Note: Ollama "/show info" shows that the context size set is correct.

10 comments

> Note: Ollama "/show info" shows that the context size set is correct.

That's not what Ollama's `/show info` is telling you. It actually just means that the model is capable of processing the context size displayed.

Ollama's behavior around context length is very misleading. There is a default context length limit parameter unrelated to the model's capacity, and I believe that default is a mere 2,048 tokens. Worse, when the prompt exceeds it, there is no error -- Ollama just silently truncates it!

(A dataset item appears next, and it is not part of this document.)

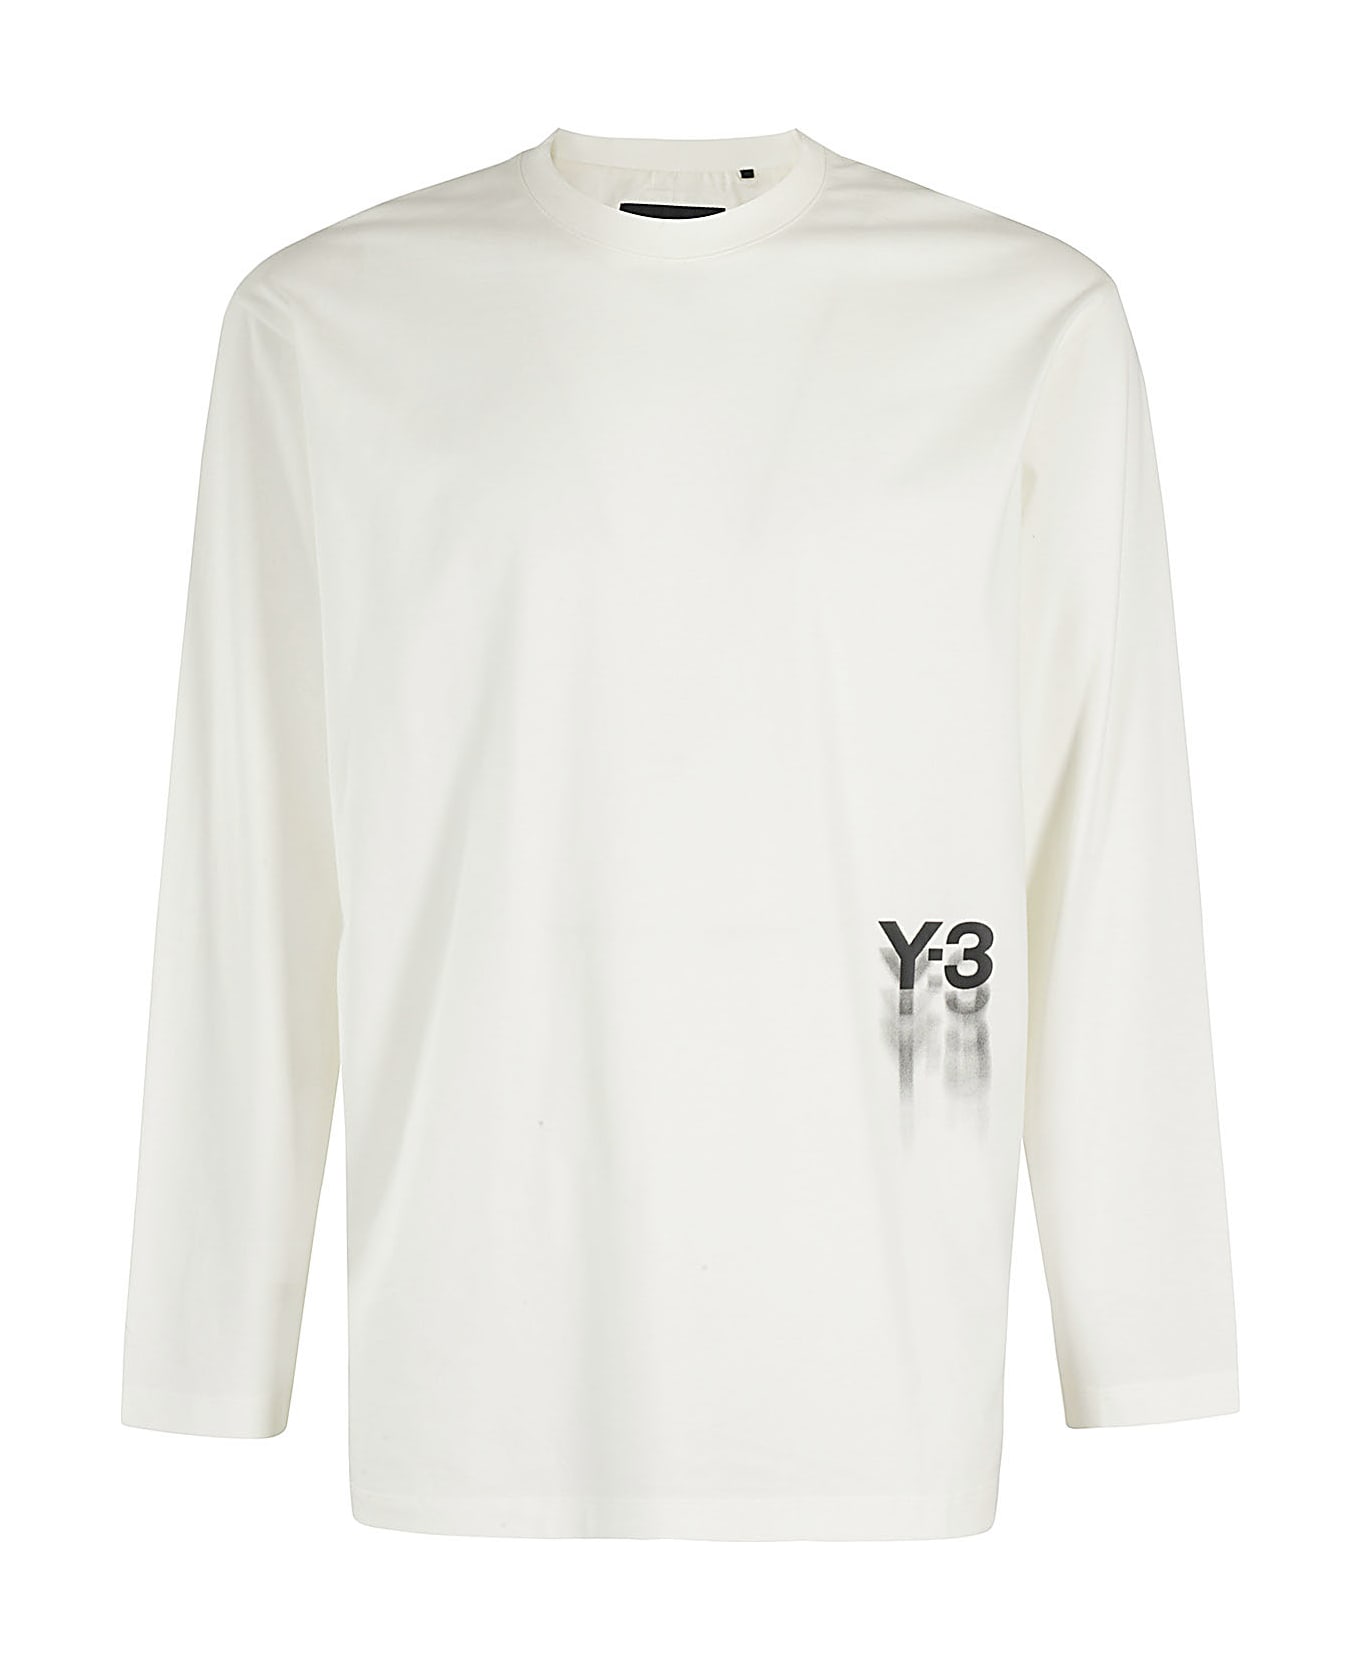 Y-3 Gfx Ls Tee - White ジャケット

If you want to use the model's full context window, you'll have to execute `/set parameter num_ctx 131072` in Ollama chat mode, or if using the API or an app that uses the API, set the `num_ctx` parameter in your API request.

Ok, this explains why QwQ is working great on their chat. Btw I saw this thing multiple times: that ollama inference, for one reason or the other, even without quantization, somewhat had issues with the actual model performance. In one instance the same model with the same quantization level, if run with MLX was great, and I got terrible results with ollama: the point here is not ollama itself, but there is no testing at all for this models.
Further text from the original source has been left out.